While Bowler said he felt the need to be close to where he discovered Mungo Man, the day was also filled with disappointment that he could not go to the site where he was reburied and that the oldest Indigenous Australians discovered had been buried without ceremony.

“They didn’t deserve to be buried secretly without dignity,” says Bowler. “Unlike the ritual ceremony that took place there 40,000 years ago, secret reburial remains a sad moment. Even though it’s not something we want to focus on. Time has passed. Some mistakes were made; We’ve all made mistakes. Now we have to move on to the next stage.”

This step, he says, should be a year-long reconciliation dialogue “to find the healing glue” following the defeat of last October’s constitutional recognition referendum.

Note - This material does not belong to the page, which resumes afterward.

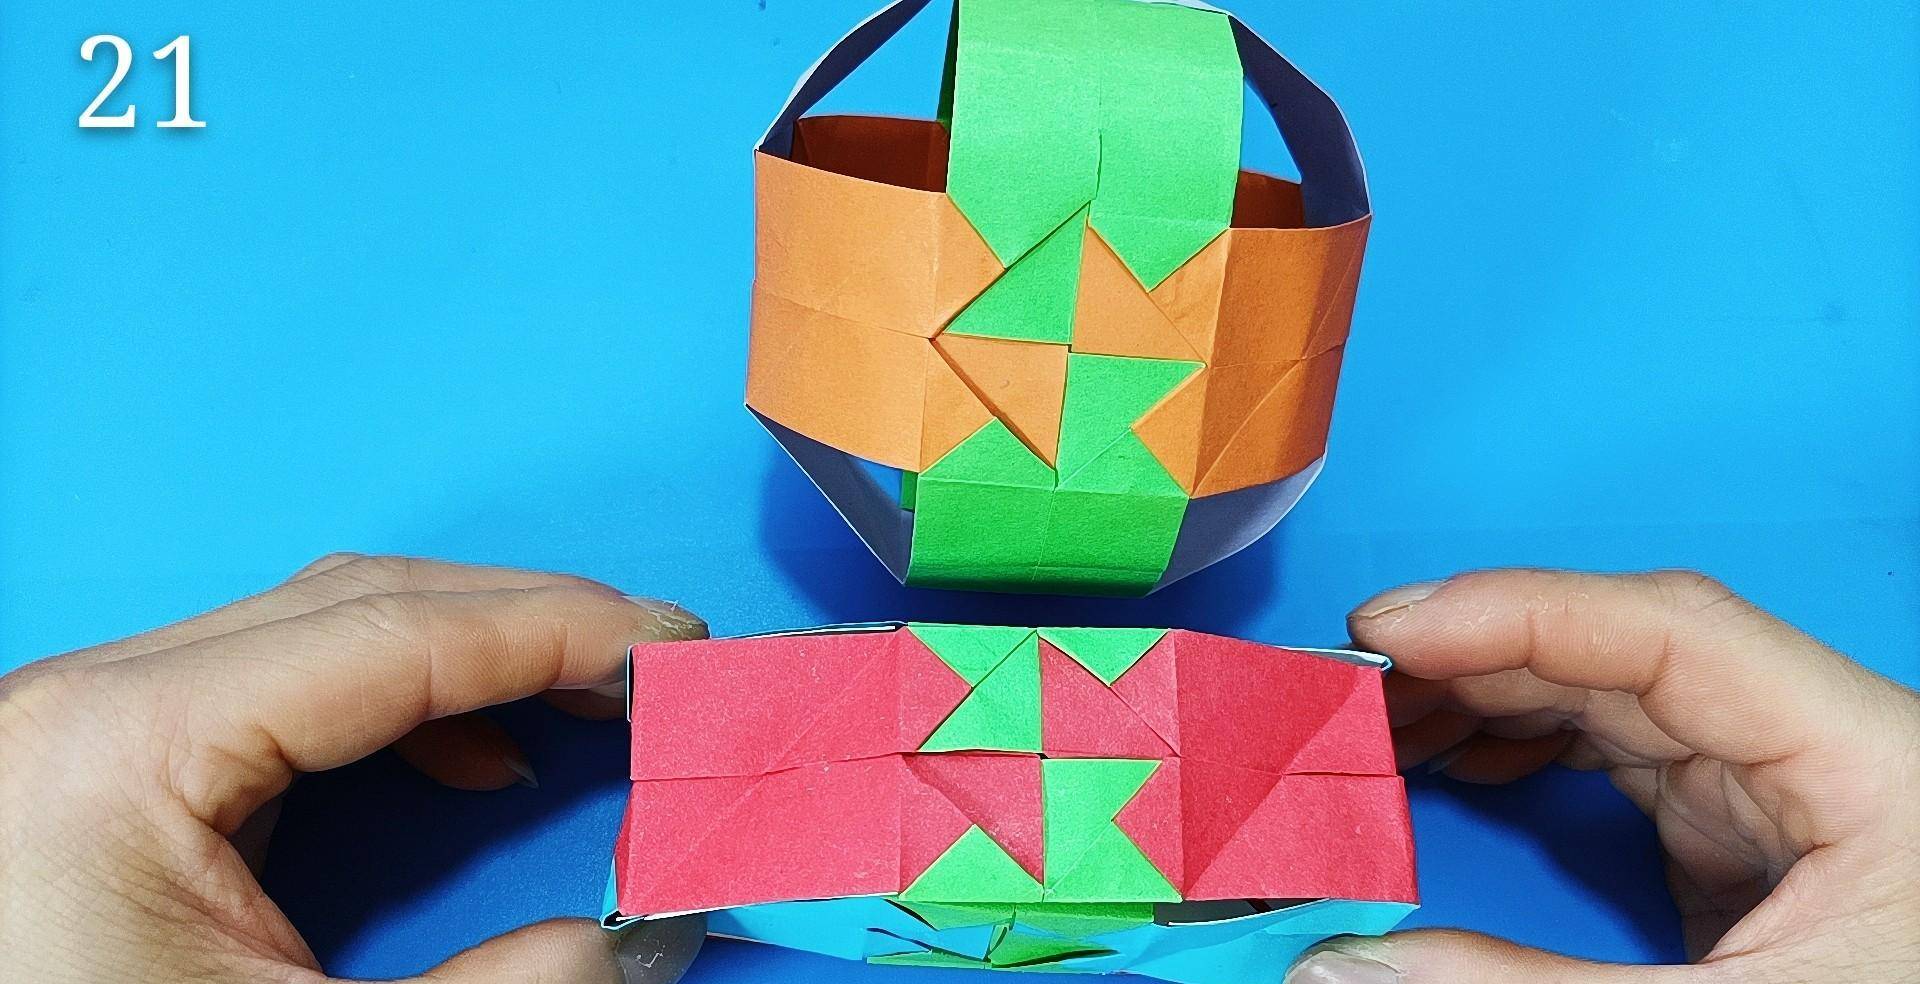 折纸神奇的百变魔术球,一拉一扭变成正方形盒子,还能变其他形状
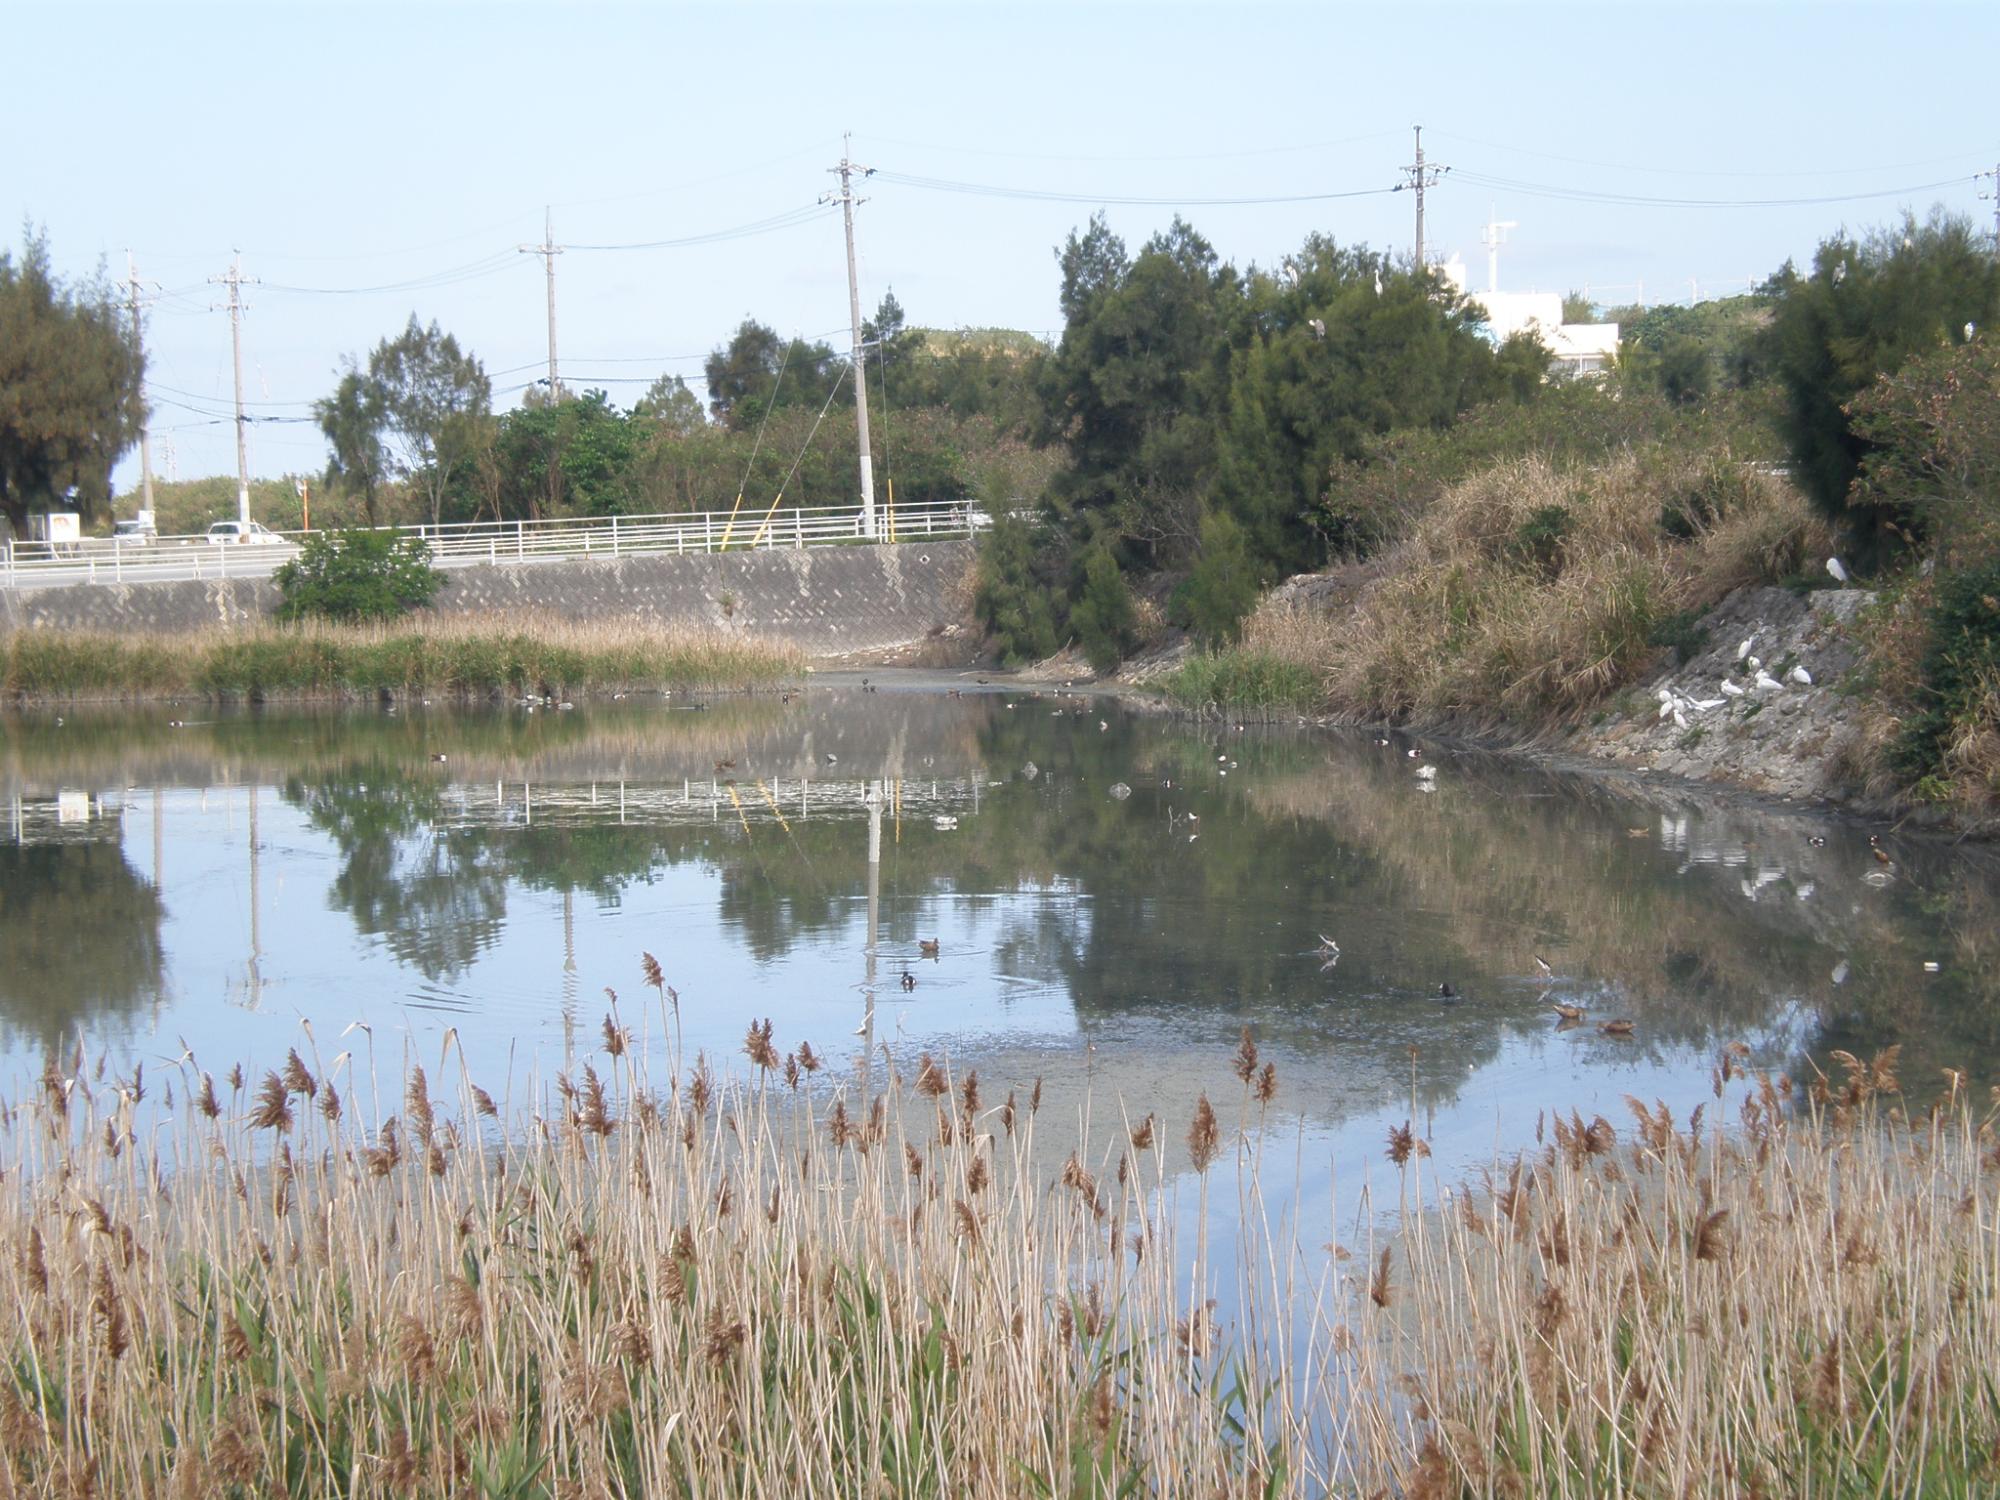 第一遊水地、通称「三角池」にいろいろな種類の水鳥が集まっている様子を撮影した写真

“Healing is needed; The need for dialogue between different cultures has not been resolved. With the failure of the referendum, there was an urgent need to search for a healing adhesive. What can now unite the nation? “I would argue that this is an example of the Mungo people and their deep connection to the land and the spiritual dimension that embraces them as the people most closely connected to the cosmos.”

Kelly agrees.

“The suggestion of a dialogue around Mungo is very appropriate. My grandmother always promoted it as a place of healing. And as a place of learning for all Australians…we have never come close to realizing Mungo’s potential as a place of global, cultural, spiritual and humanitarian significance.”

Bowler, 94, may yet return to Lake Mungo. But no matter what, the conversation his discovery started 50 years ago promises to continue, even as it results in human significance and pain.